Or it may be because I accept the whole process of your dying—your timeline, your needs—surrendering in a far better way to the inevitable lack of control that I have rebelled against for so many months. I suppose, too, somehow my crying, my wailing and wallowing in my own muck and mire just seems less appropriate and out of place in the face of your ongoing dignity with which you approach your own death.

Death’s Dignity

Remarkably, it seems mystifying to me that you could be expressing dignity in the face of cancer and Alzheimer’s, with dirty wet diapers and bibs, your straight, white hair flying wildly behind you on the pillow as you continue to hold on fiercely to two teddy bears from your youngest and eldest daughters.

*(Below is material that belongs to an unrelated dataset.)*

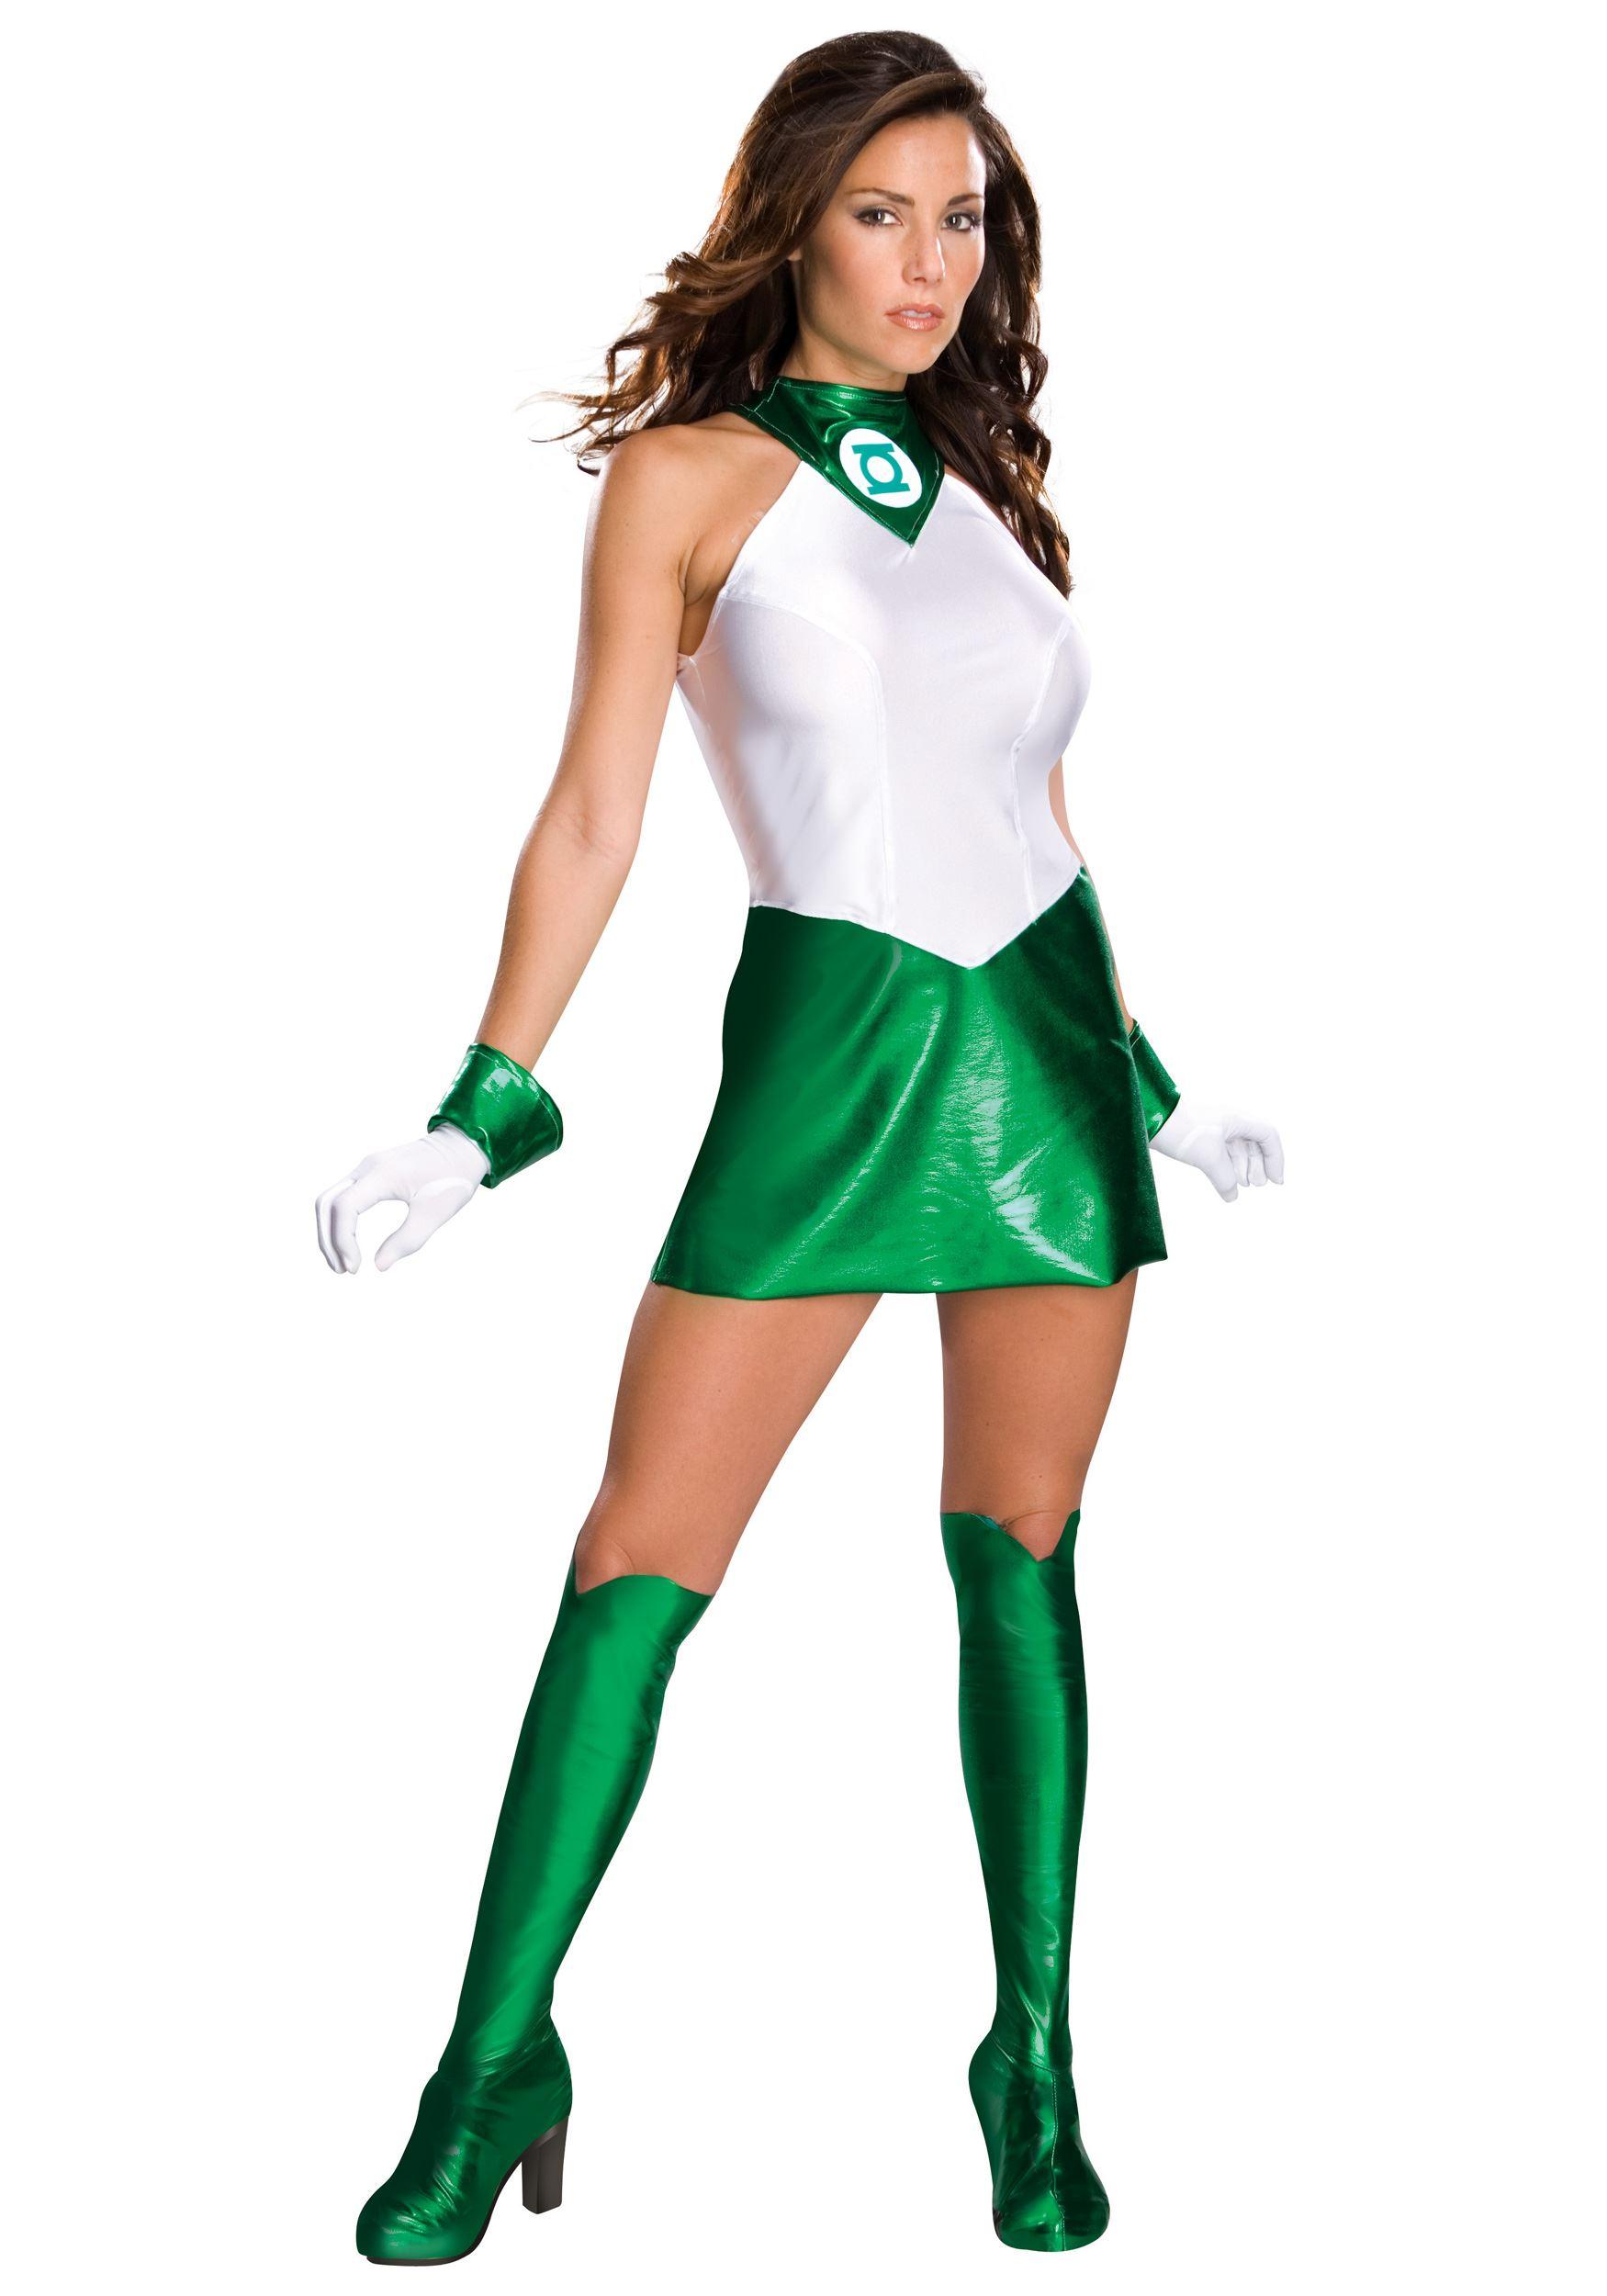 Adult Green Lantern Woman Costume  sc 1 st  The Costume Land & Adult Green Lantern Woman Costume | $55.99 | The Costume Land

Yet somehow you preserve yourself with just that: a serene quality that comes from somewhere else—a not of this earth kind of thing. You release love and life entirely, attaching only temporary meaning to the props and decorations that identify you now as my mother. Actually, it almost seems as if you are trying to say to me through these scenes, “do not weep so…this ultimately is a much smaller thing than you think, dear daughter, the seemingly unattractive way I die.”

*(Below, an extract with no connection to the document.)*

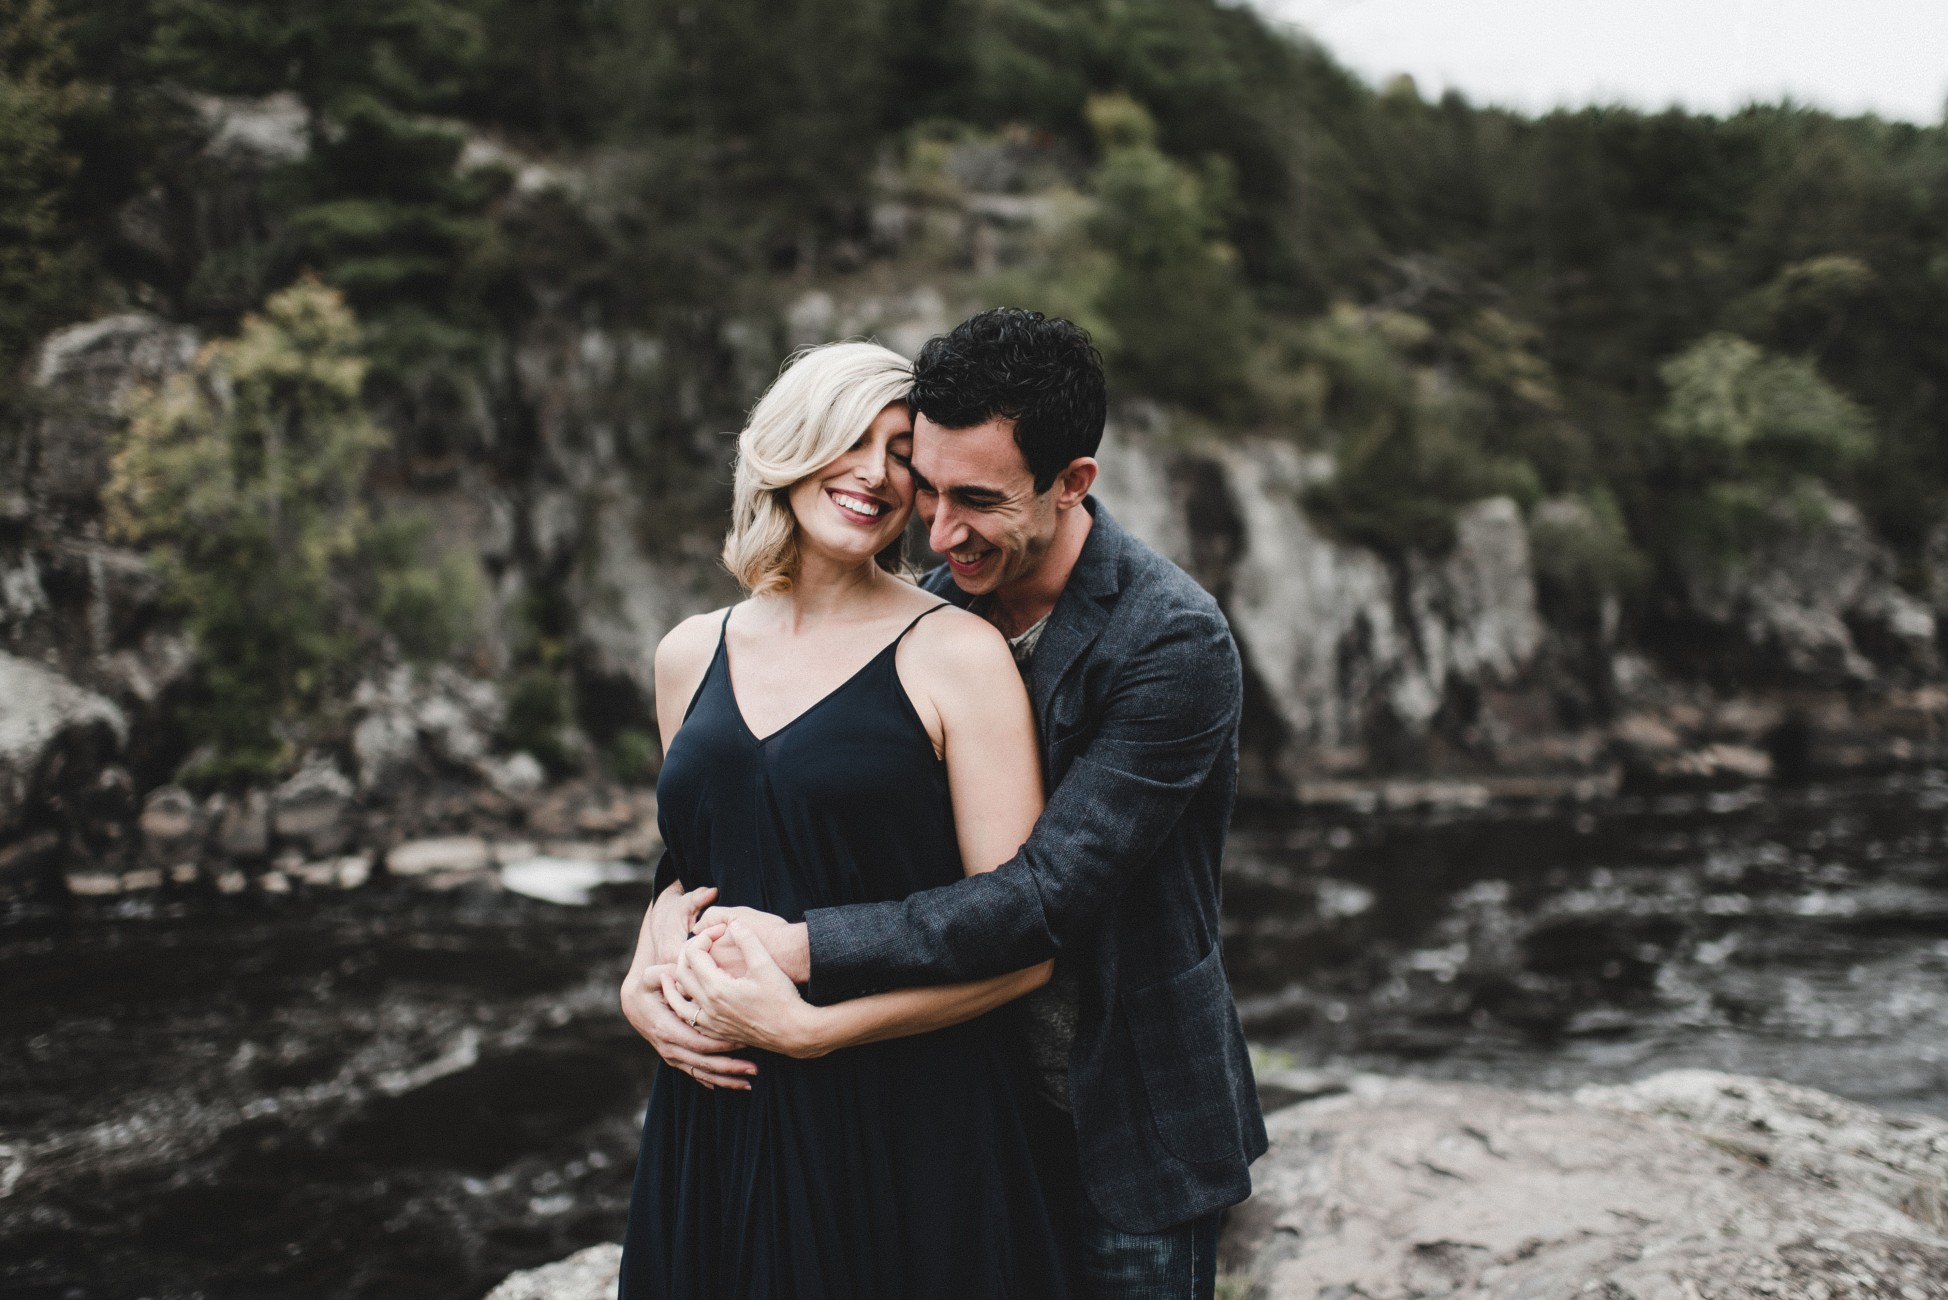 Minneapolis-Wedding-Photographers-Cadence-and-Eli-974x650@2x.jpg

It’s as if you radiate questions like “what sort of compassion would you have exercised for someone not so personally attached to you had you not seen me drool, heard me jabber nonsense, seen me lie in my own waste.”

Loved Into Death

From where I sit it feels as if you offer yourself up yet one more time, sharing infinite lessons of love and light to all around you. At least that’s what I see when I get outside of just the ‘you’ I know was my mother. For I watch the delicate yet sturdy expressions of love and compassion as your nurses tenderly touch your face while giving you your medicine, stroking the sides of your throat, urging you to swallow your morphine to reduce your physical pain.

I watch your caretakers feed you cereal, adjust your head on the pillow, turn your body to prevent bedsores, all the while talking words of affection, encouragement, and humor. You are not their mother, yet you are comforted just the same through kindnesses springing from an impersonal source, being loved into death like I imagine you were once loved into life.

The Still, Small Voice

And ultimately I am struck not by the sadness of watching your earth life leak out of your very specific body I identify as my mother. Rather, I am struck by all the expressions of a still, small voice behind each act of caring extended, as each person responds to the soul dignity you miraculously emit like radar, invisible in its source yet manifested so visibly in each literal caress.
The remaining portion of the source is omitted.